KUCHING (Sept 19): Press Metal Aluminium Holdings Berhad has entered into a shareholders’ agreement and share subscription agreement with PT Alakasa Alumina Refineri (AAR), PT Dinamika Sejahtera Mandiri (DSM) and PT Kalimantan Alumina Nusantara (KAN).

This is to set up a strategic joint venture where KAN will establish and operate an integrated alumina refinery plant, power plant, jetty and supporting infrastructure in Sanggau, West Kalimantan, Indonesia.

The refinery is expected to have an annual production capacity of 1 to 1.2 million metric tonnes, with a potential expansion to double this output.

The total cost for Phase 1 is US$750 million, or about RM3.238 billion.

Press Metal will subscribe for 80 per cent equity interest in KAN for a total subscription price of RM1.036 billion, executed in seven tranches over the next year, and funded through the Group’s internally generated funds.

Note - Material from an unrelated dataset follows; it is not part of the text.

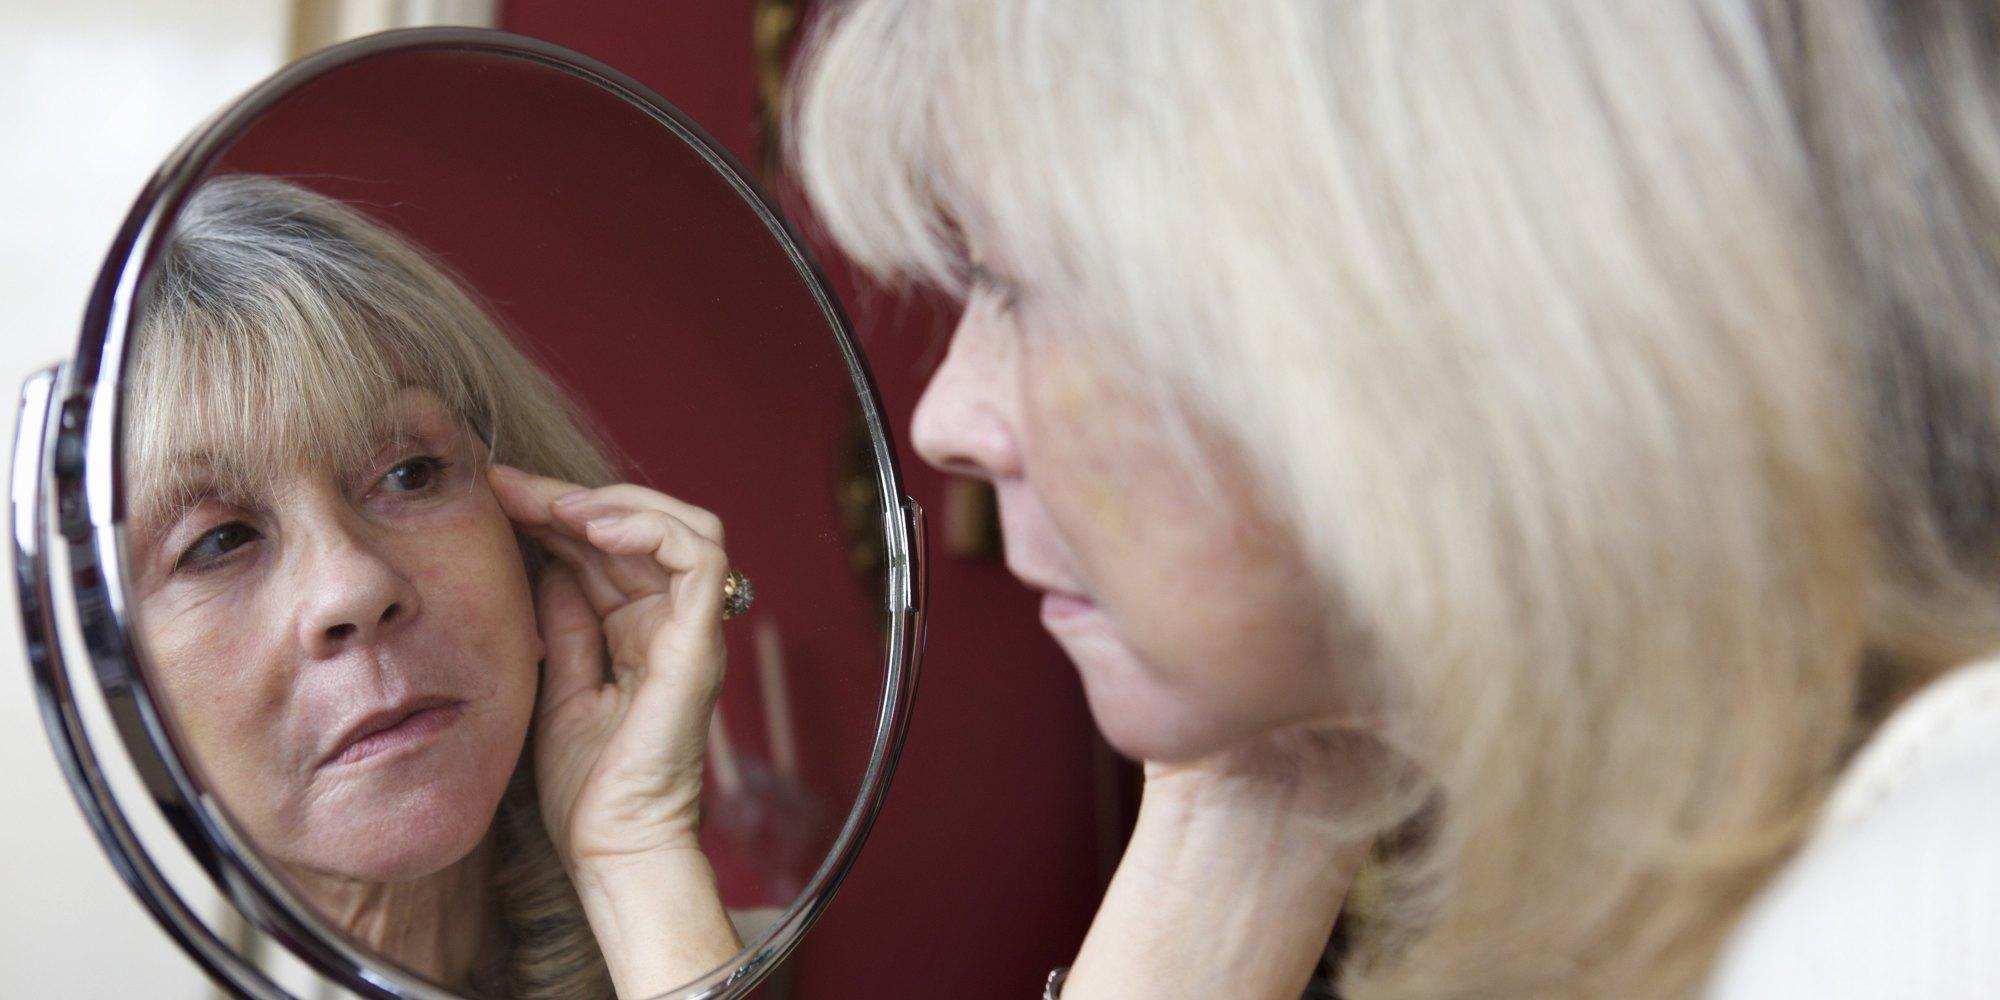 o-OLDER-WOMAN-LOOKING-IN-MIRROR-facebook.jpg
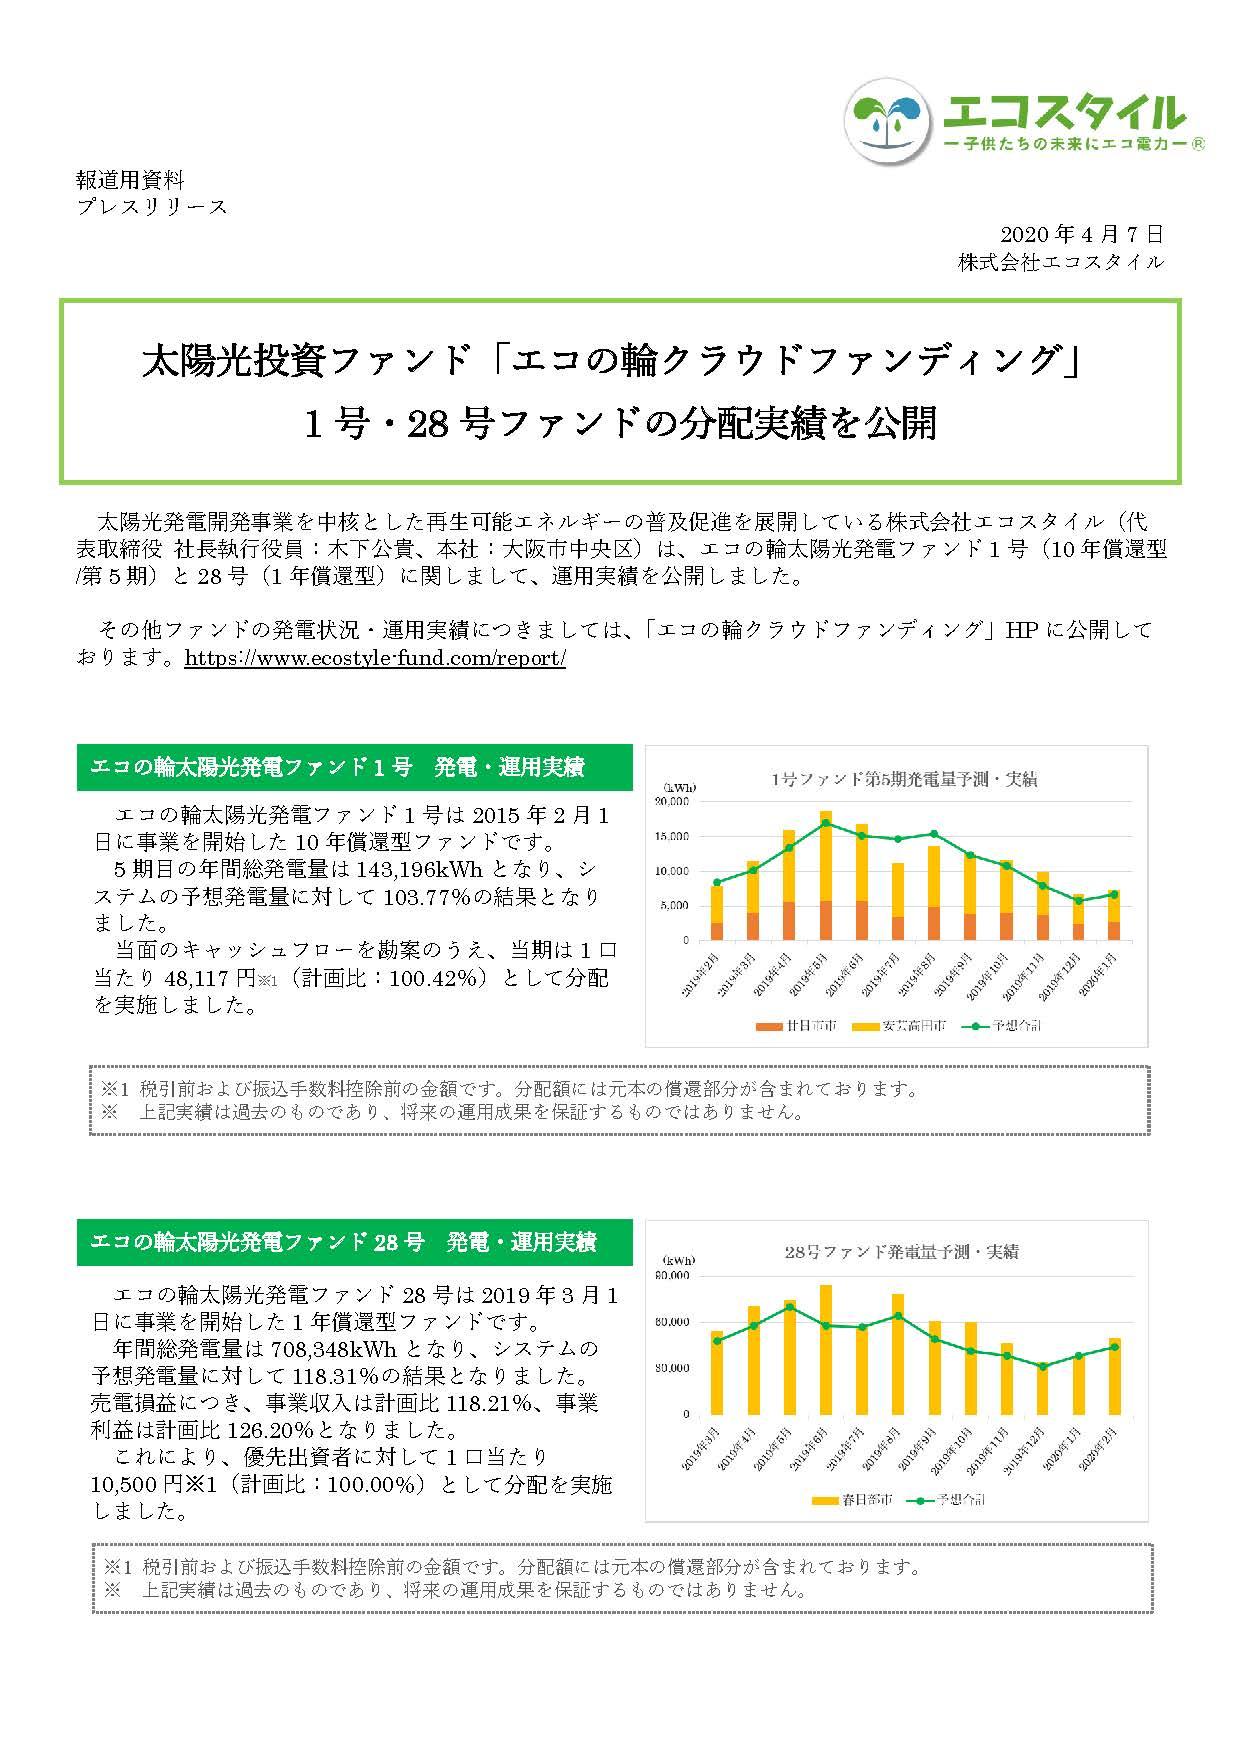 太陽光投資ファンド「エコの輪クラウドファンディング」 1号・28号ファンドの分配実績を公開

AAR and DSM shall hold 19.77 and 0.23 per cent, respectively.

Group chief executive officer Tan Sri Paul Koon said the project represents a unique opportunity to drive sustainable long-term growth.

“By partnering with AAR and DSM through this joint venture, we are not only expanding our upstream business operations but also unlocking synergies that will enhance the overall value of the Press Metal group.

“This venture aligns with our strategy to reinforce and continuously strengthen our leading position as the largest smelter in Southeast Asia and boost our competitive edge across the aluminium value chain.

“It is an effective approach towards expanding our upstream presence while ensuring higher self-sufficiency and a stable supply of our alumina needs, which are critical to our core smelting operations.

“This will also reduce our reliance on third-party suppliers and traders, ensuring greater operational resiliency and efficiency.

“With a long-term offtake agreement expected to commence once the refinery is operational, we anticipate cost savings that will further optimise our overall operations”, he said.